Raygun was knocked out of the round-robin stage with zero points from the judges during her Olympic debut. However, this will not deter her from her passions. Though she is being berated for her performance and has been subject to hate, she says she will keep her head up. The Guardian reported that after her elimination, she remained positive, saying, “Sometimes it speaks to the judges, and sometimes it doesn’t.”

And while many of the competitors she faced have spent much of their lives break dancing, Gunn only began competing in his mid-20s.

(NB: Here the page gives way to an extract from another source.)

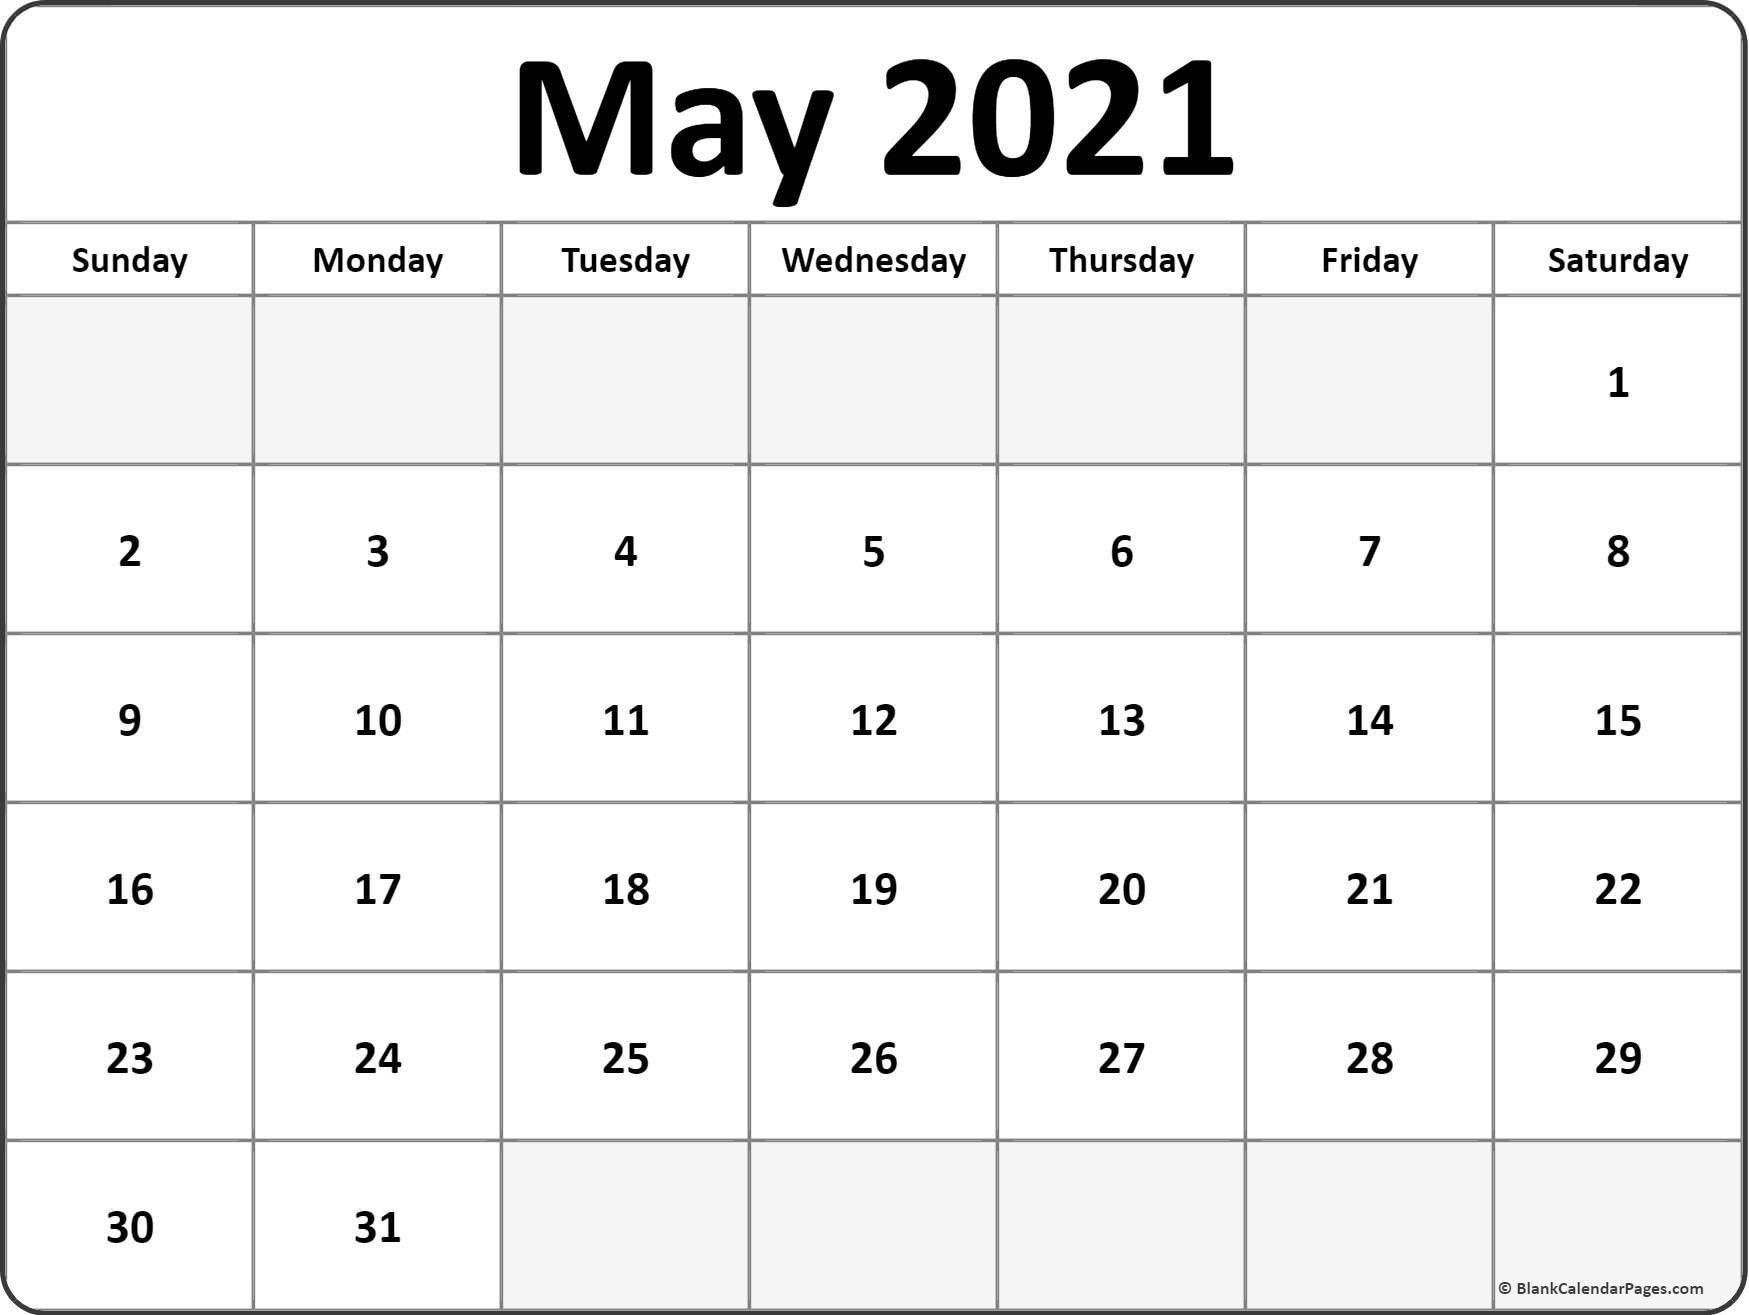 May 2021 Calendar Free Printable Monthly Calendars 1 - Calendar Template 2021 throughout 2021 Weekly Calendars Printable Free Image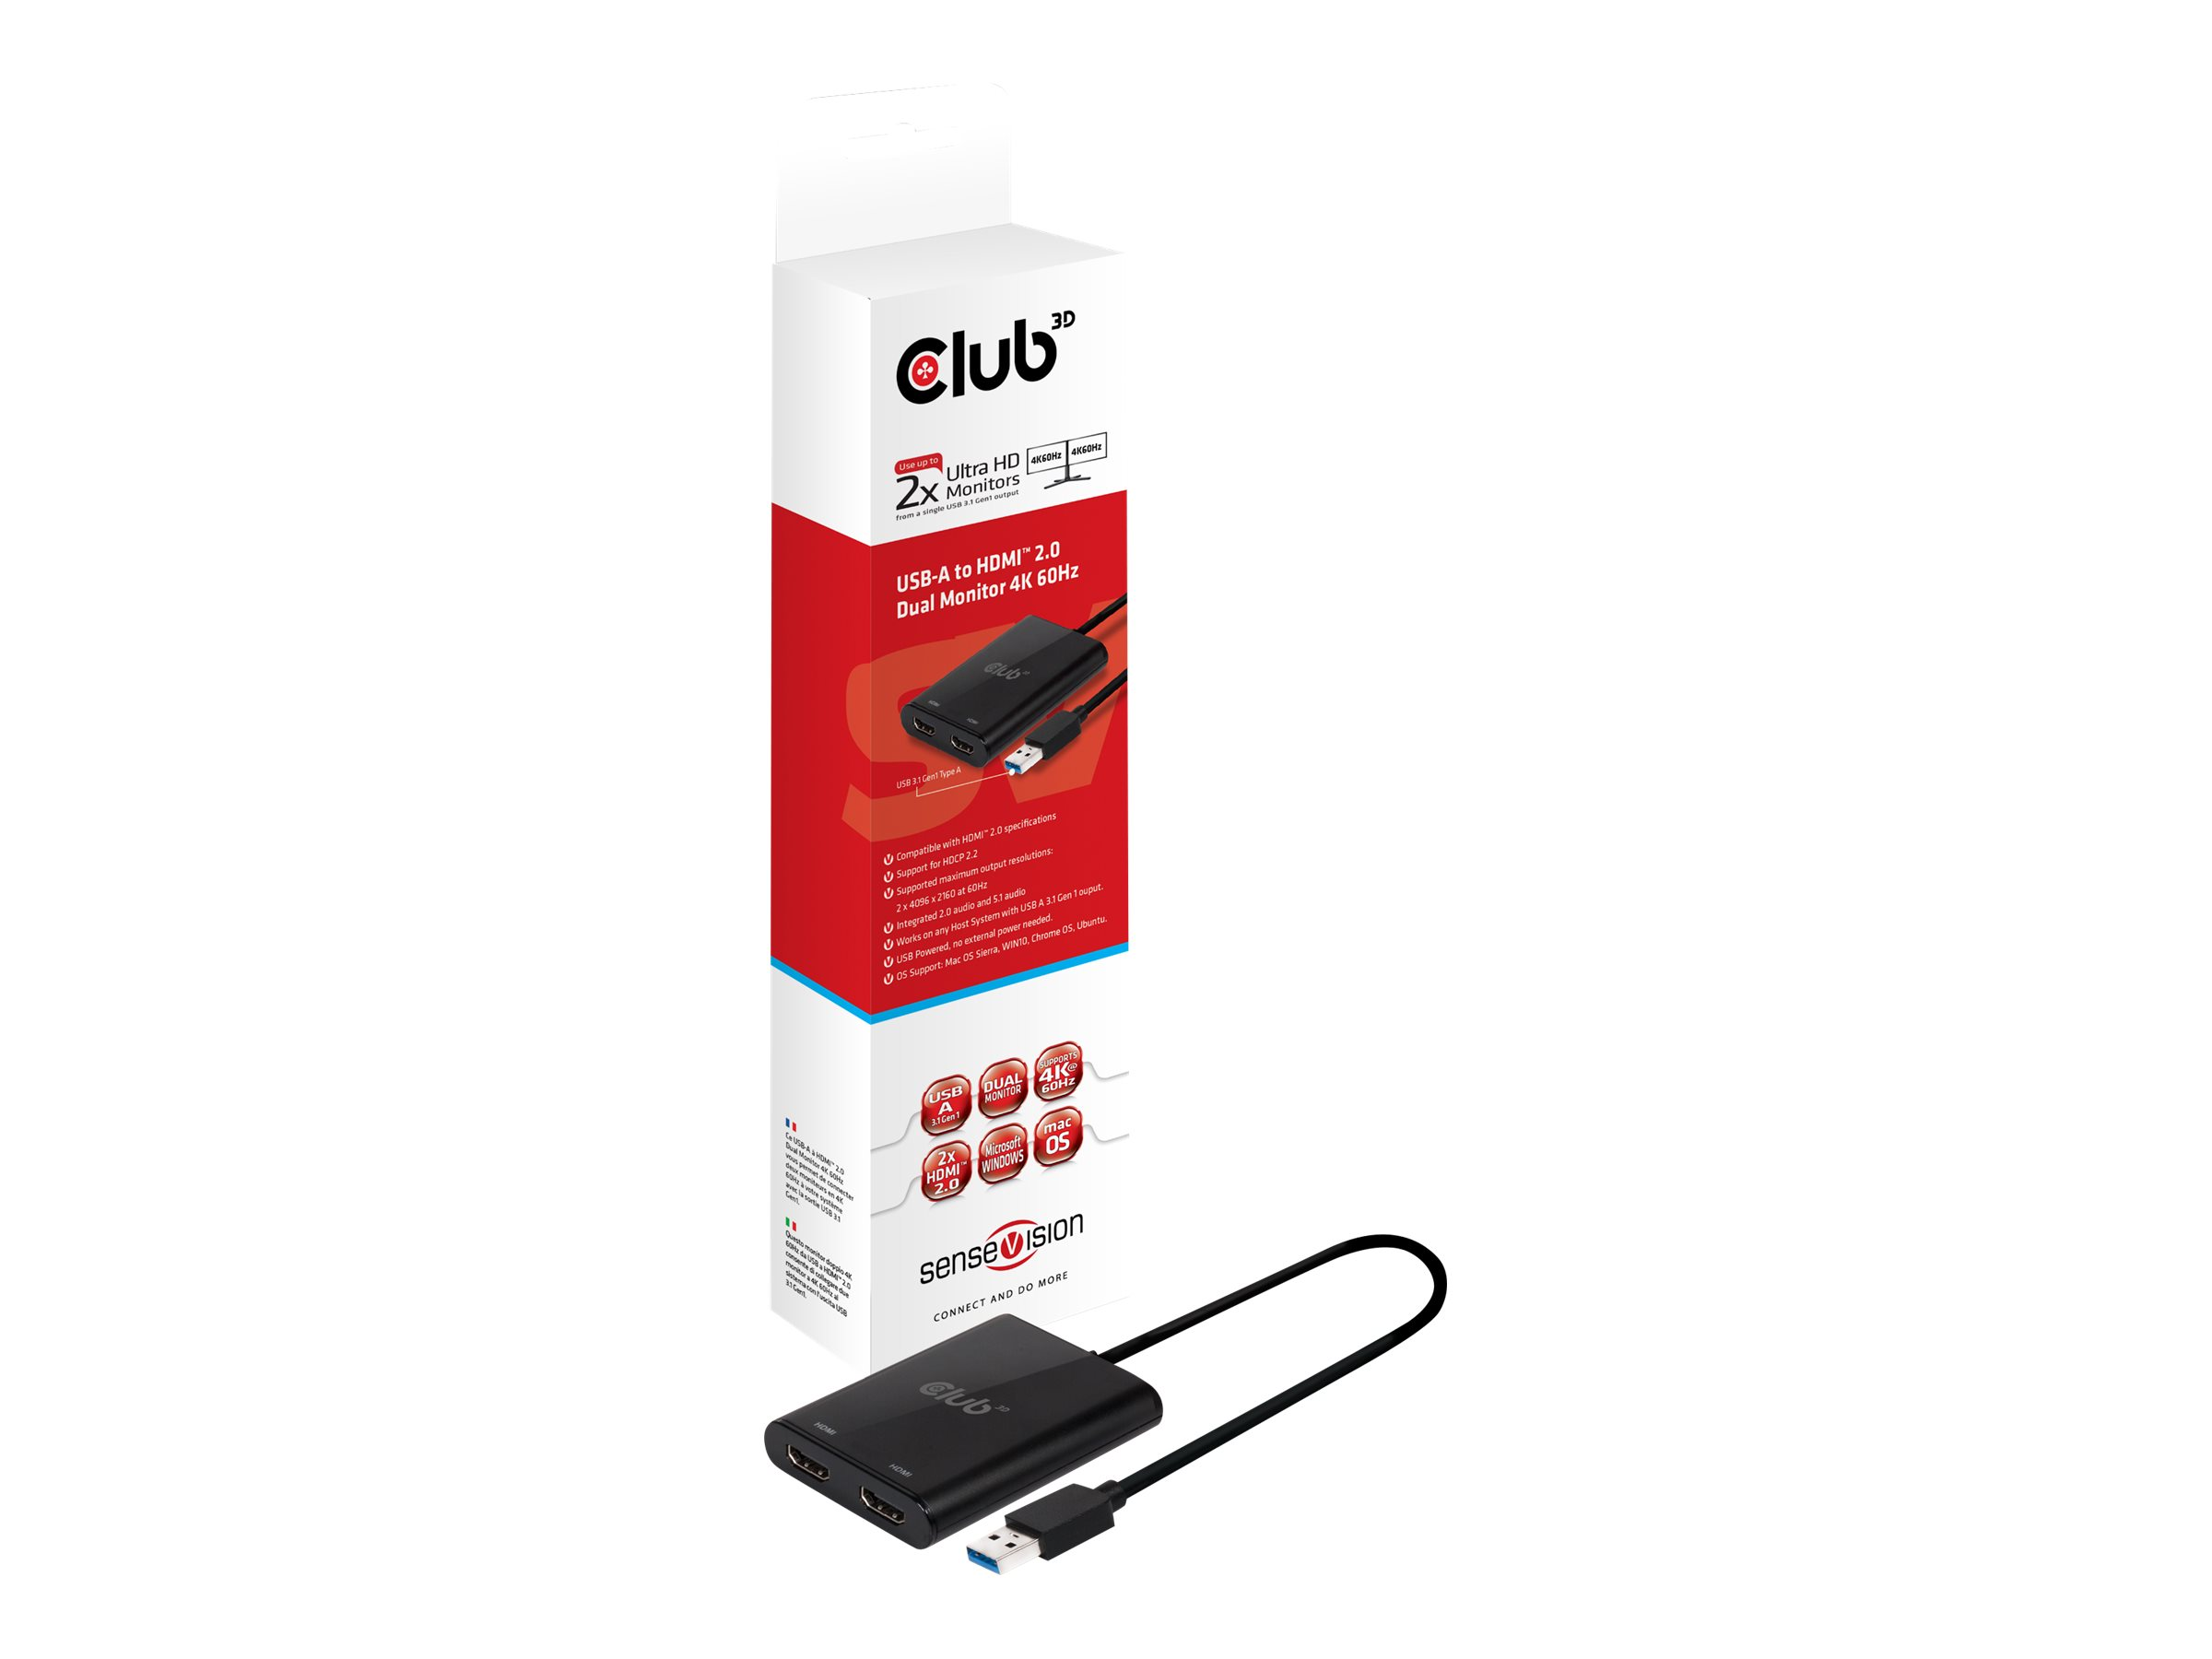 Club 3D SenseVision - Externer Videoadapter - USB 3.1 Gen 1 - 2 x HDMI

The double life of Racheal Gunn

Now that Gunn will return to Australia, she will continue leading what her country’s Olympic committee described as a “double life.” Aside from her passion for breakdancing, Gunn is a professor at Macquarie University. She earned a PhD in cultural studies, focusing her research on break-dancing culture in Sydney. She teaches in the Department of Media, Communications, Creative Arts, Literature, and Language, and her research focuses on “the areas of dance, performance, media, autoethnography and post-structuralist and feminist theory.”

Shortly before heading to Paris, she spoke about what it was like to be a full-time academic and a person on her way to the Olympic Games.

“I feel like my bag always has two main things,” said Raygun. What are those two things? Her knee pads and her laptop. A perfect description of the life she leads.

Although she returns to Australia empty-handed, the experience will undoubtedly inspire her to continue pushing and allow for new perspectives to inform her research.